Этикет и этикетки
Этикет и этикетки
Это был бы великолепный концертный номер. Сотруднику учреждения, рядом со столом которого я сидел, дожидаясь приема у его начальника, то и дело звонили но телефону. Он отвечал. У интонации ответов было множество оттенков: холодно-официальный, вежливо-официальный, любезно-официальный, приветливо-полуофициальный, дружелюбно-приветливый, дружелюбно-фамильярный, приветливо-почтительный, подчеркнуто-почтительный…

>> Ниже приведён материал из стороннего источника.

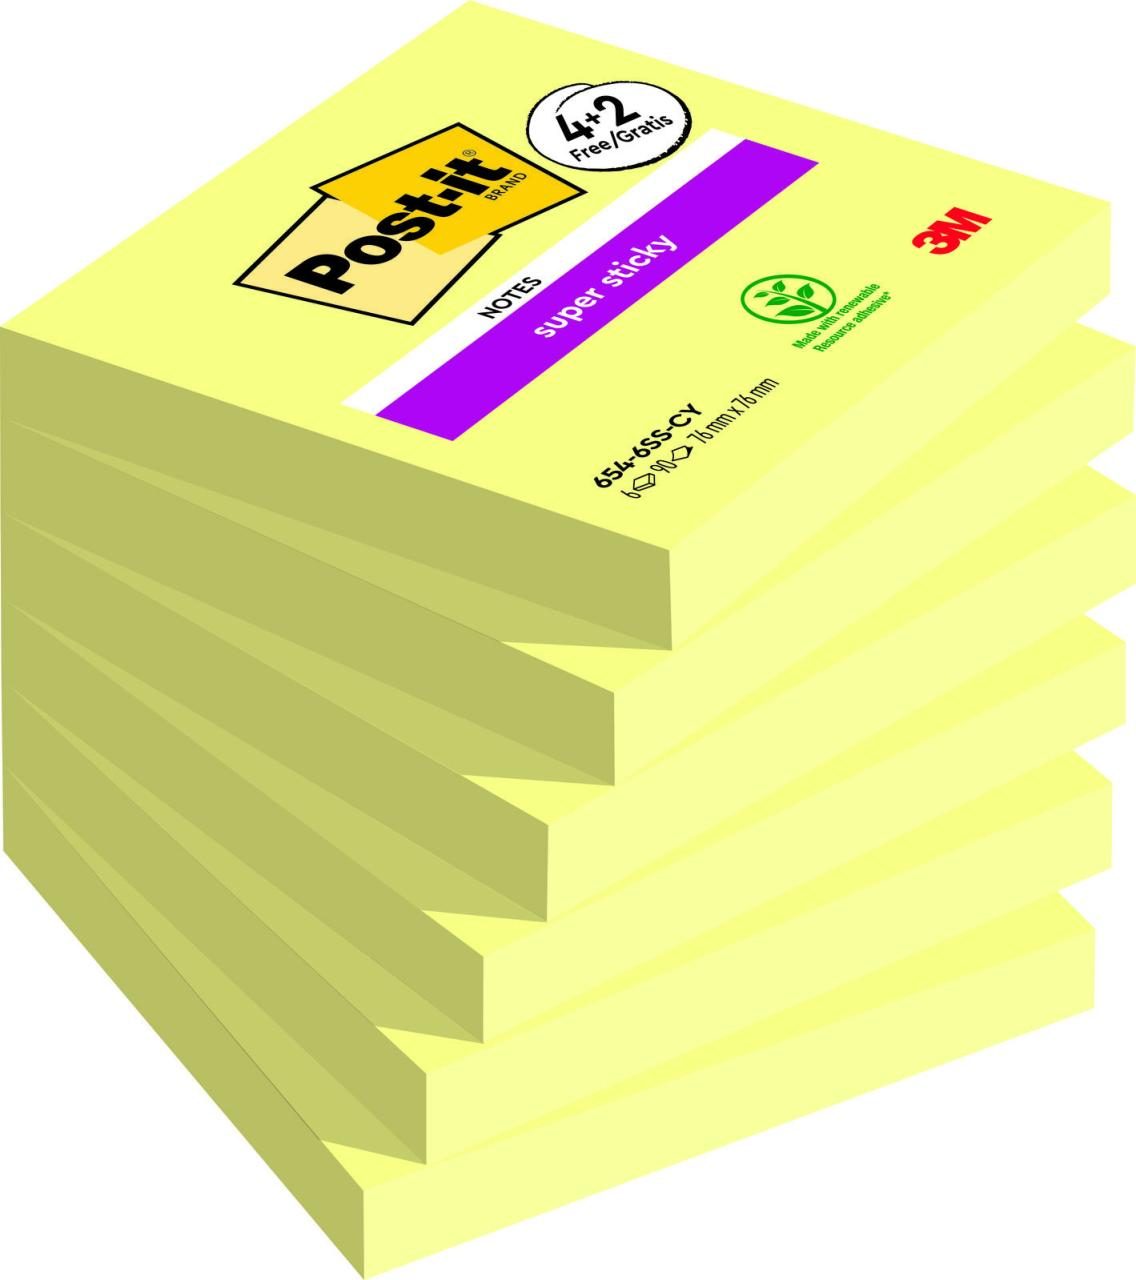 Post-it® Haftnotizen Super Sticky Notes Gelb von Post-it®

Ждать пришлось долго. По интонации ответов я попробовал мысленно представить себе невидимых собеседников этого сотрудника. Он почувствовал, что я прислушиваюсь, и спросил изучающе-душевно: «Интересуетесь моей работой?» «Интересуюсь!» — признался я. Мы разговорились. Я узнал немало поучительного о его сложной и деликатной работе. О психологии служебного общения, тонком искусстве отвечать по телефону. Собеседник мой говорил красочно. Он пояснял, что каждый голос по телефону для него — этикетка. На воображаемой этикетке он мгновенно читает цену собеседника — его ранг и положение. Если звонит человек, которого он знает, это просто — на голоса у него хорошая память. Но и тогда, когда звонит неизвестный, это тоже нетрудно: голоса рядовые и голоса руководящие звучат по-разному.
— Есть, правда, один тип! Аспирант, а голос, как у члена-корреспондента, — пошутил мой новый знакомец. Доверительно-снисходительно. Доверительность предназначалась мне, снисходительность — аспиранту, присвоившему баритон не по рангу. Так вот, мгновенно прочитав цену собеседника на воображаемой этикетке, герой моего рассказа говорит с тем, кто звонит, соответственно с этой ценой.
— Удивляюсь остроте вашего слуха, — ответил я, — но, на мой взгляд, вы занимаетесь этой прикладной психологией напрасно.
Он удивился:
— Так что же я, по-вашему, со всеми должен одинаково говорить?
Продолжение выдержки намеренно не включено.